§ **THE PROBLEM**
Aim for an exact copy of the listing, without any images.

§ **DATA EXTRACT**

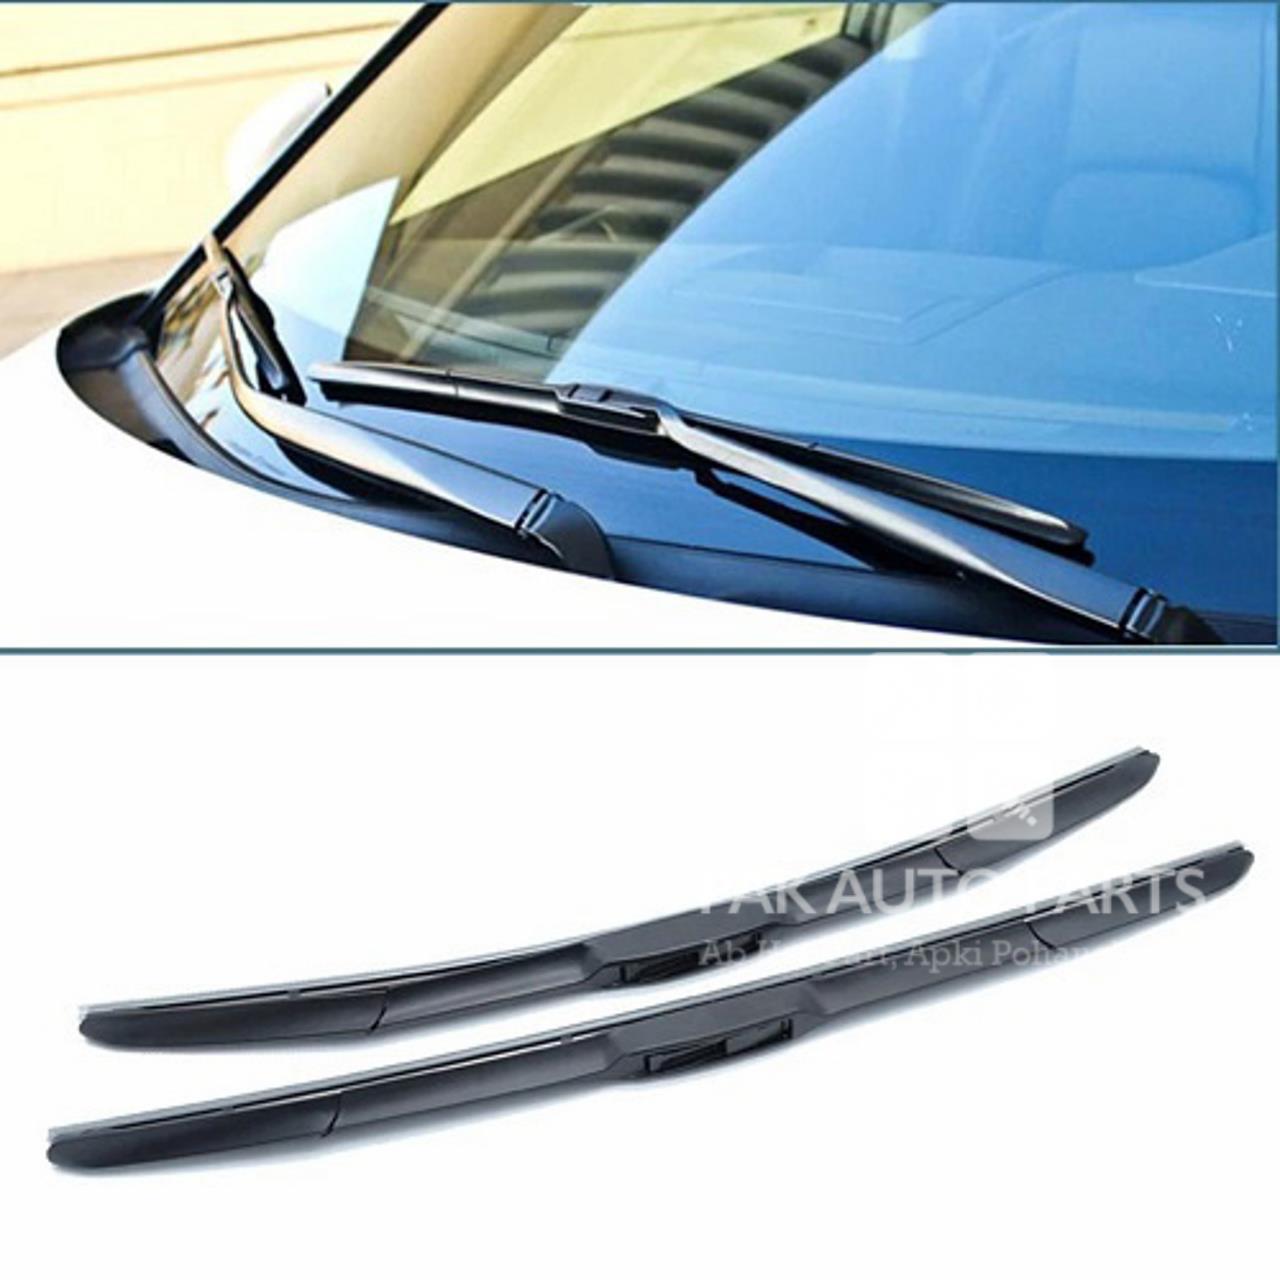 Picture of Alto 2002-2015 | Hybrid Wiper Blades | 17+17 Inches | Non-Scratch able | Black Lead Coated Rubber.
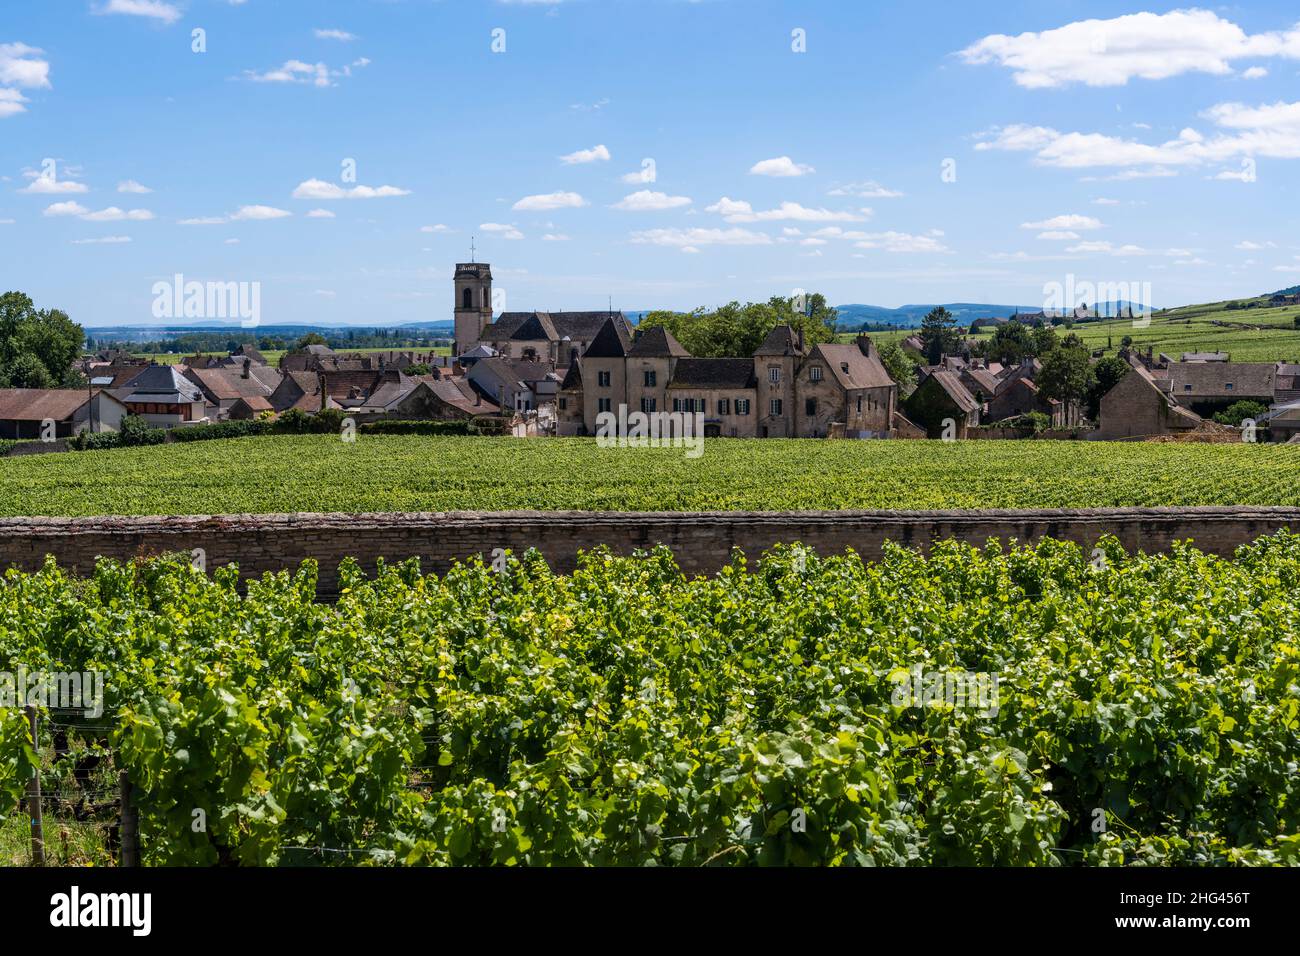 Vineyards and Rhone valley near the wine village of Pommard in Burgundy, France. Stock Photo
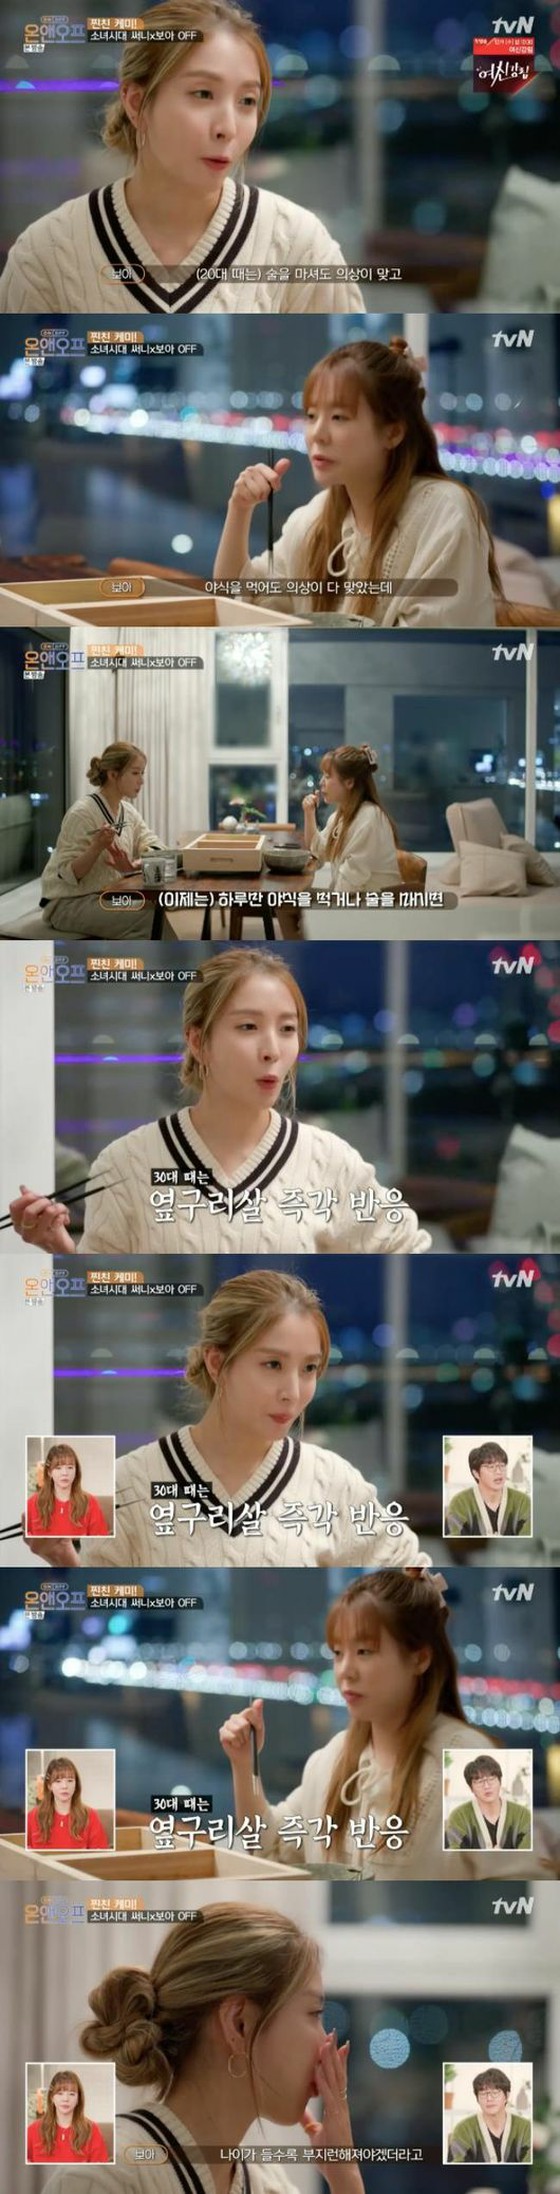 Singers BoA and Sunny (SNSD), "The bodies of people in their twenties and thirties are different ... When you eat a midnight snack, the meat on your side reacts immediately."
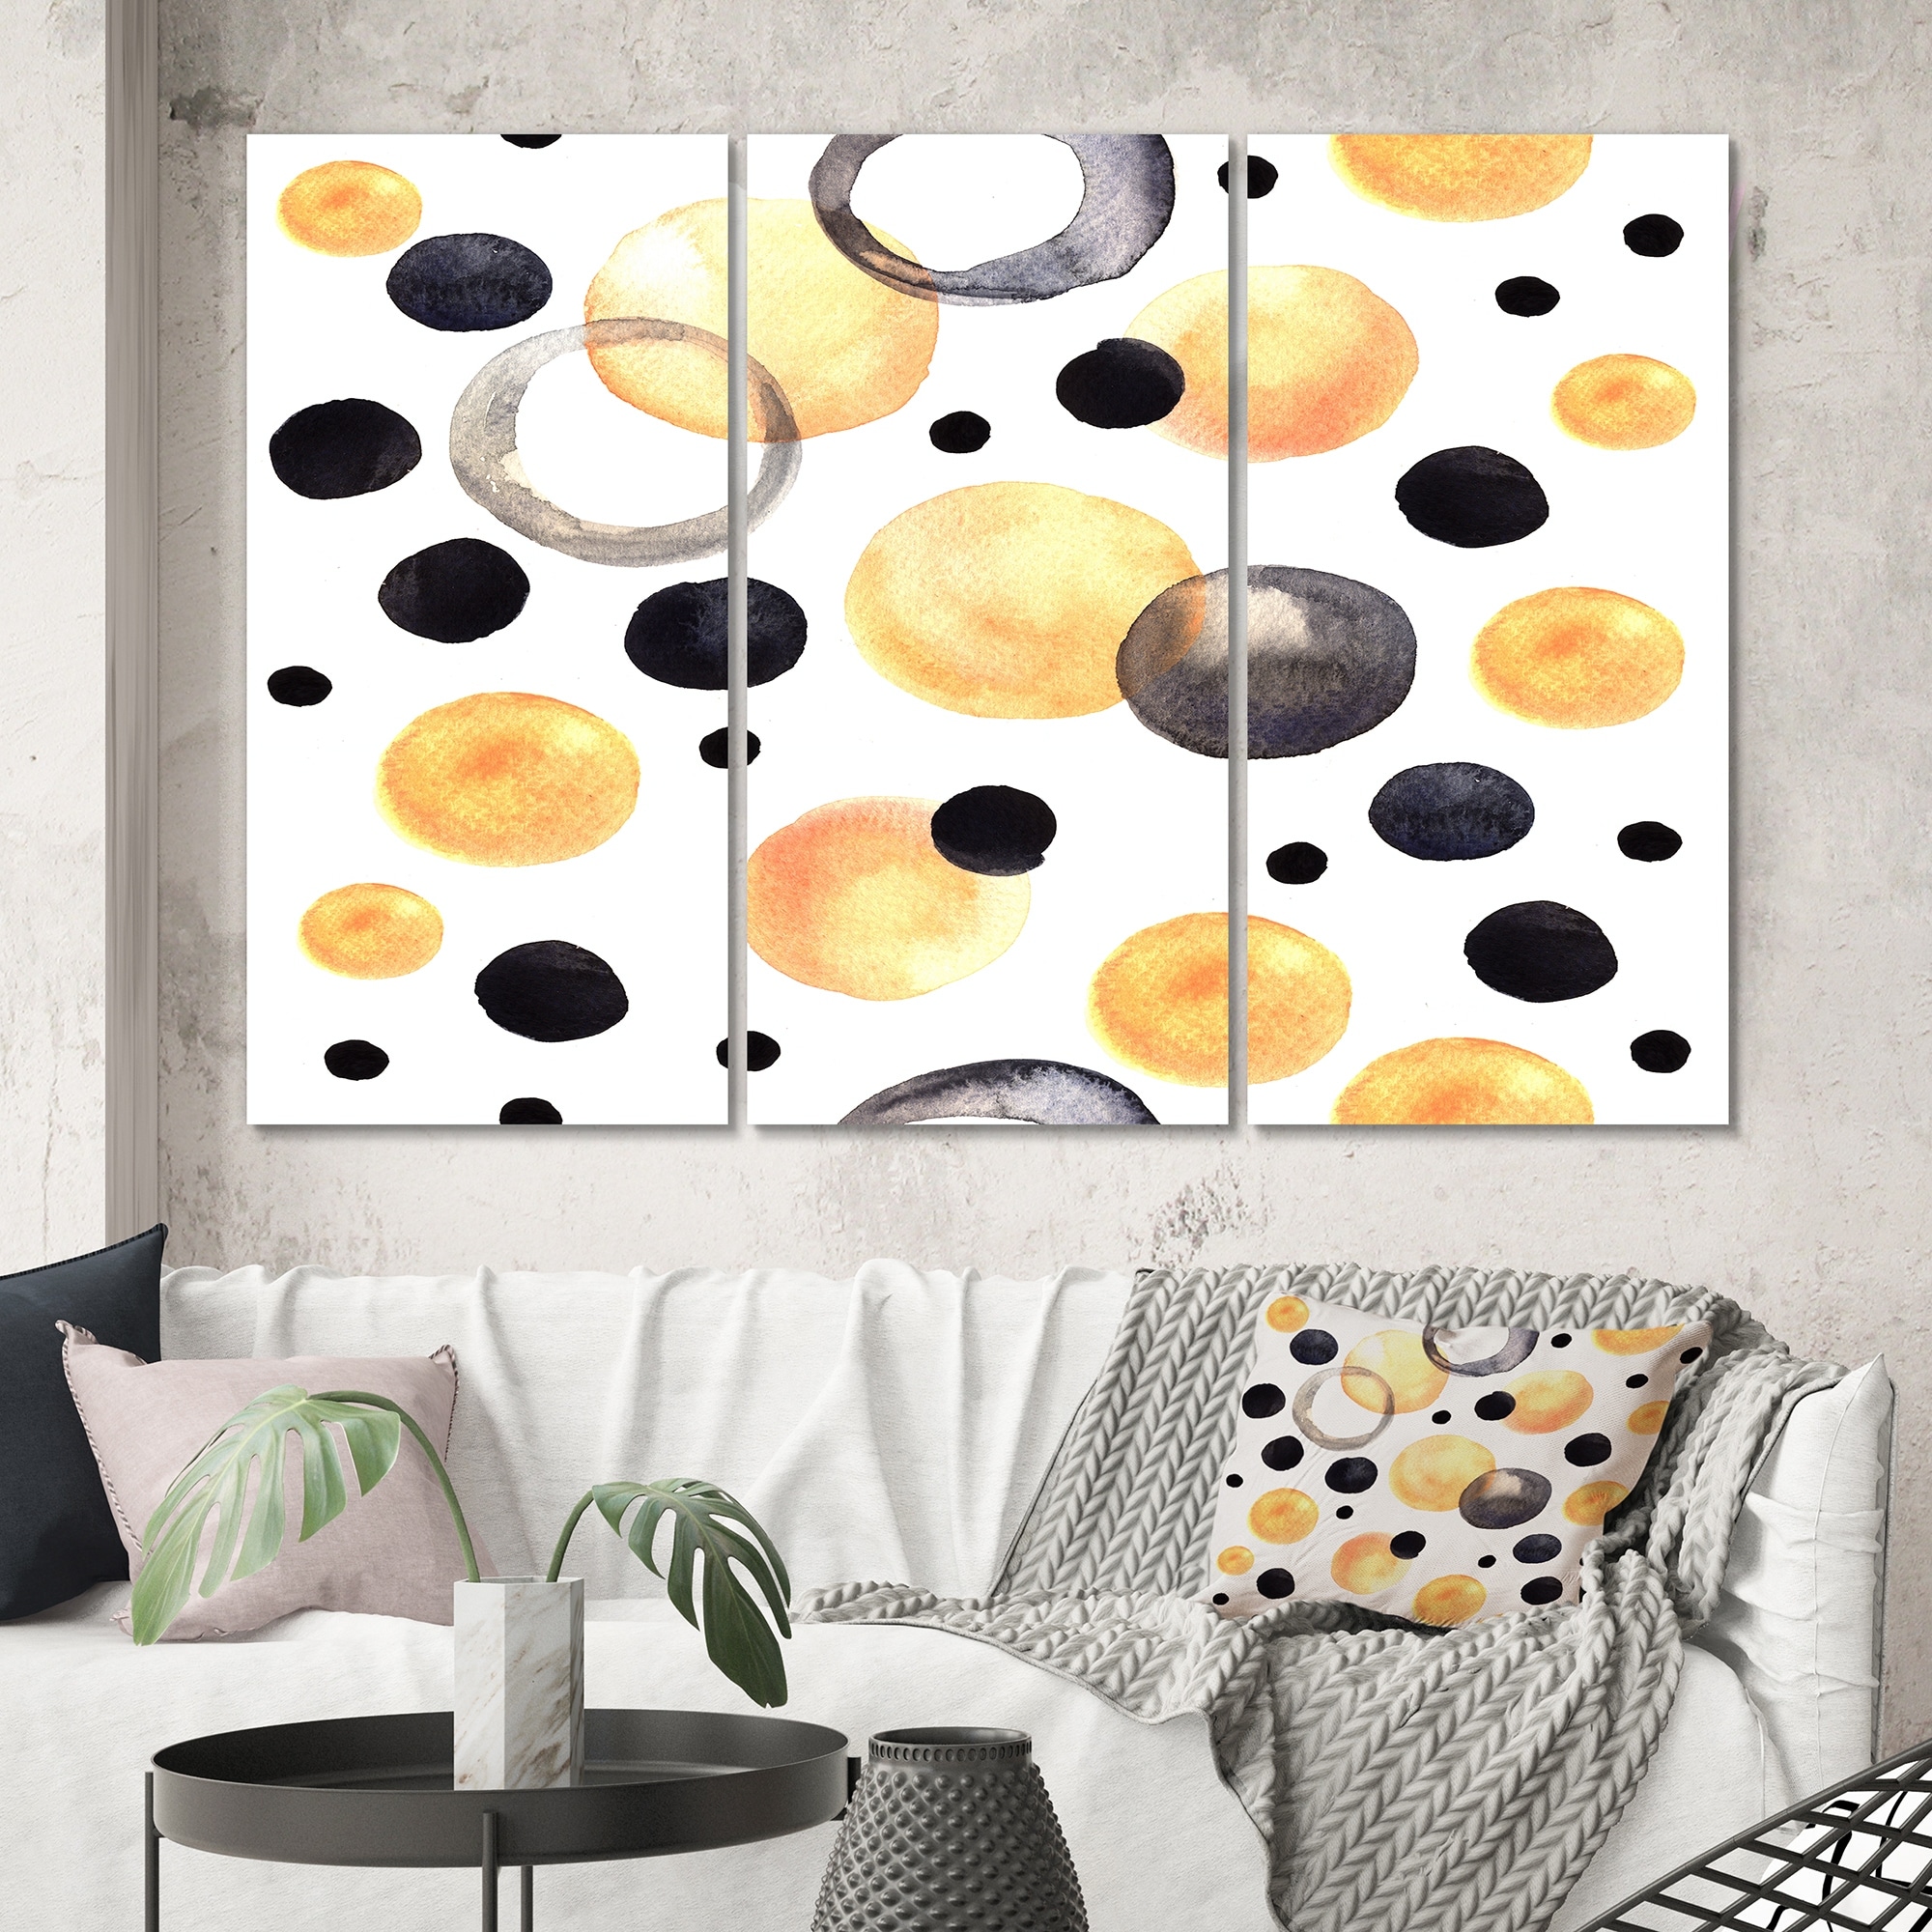 Designart "Black And Yellow Circles On White" Patterned Canvas Wall Art Print

§ **ANSWER BOX**
 Picture of Alto 2002-2015 | Hybrid Wiper Blades | 17+17 Inches | Non-Scratch able | Black Lead Coated Rubber.
 Vineyards and Rhone valley near the wine village of Pommard in Burgundy, France. Stock Photo
 Singers BoA and Sunny (SNSD), "The bodies of people in their twenties and thirties are different ... When you eat a midnight snack, the meat on your side reacts immediately."
 Designart "Black And Yellow Circles On White" Patterned Canvas Wall Art Print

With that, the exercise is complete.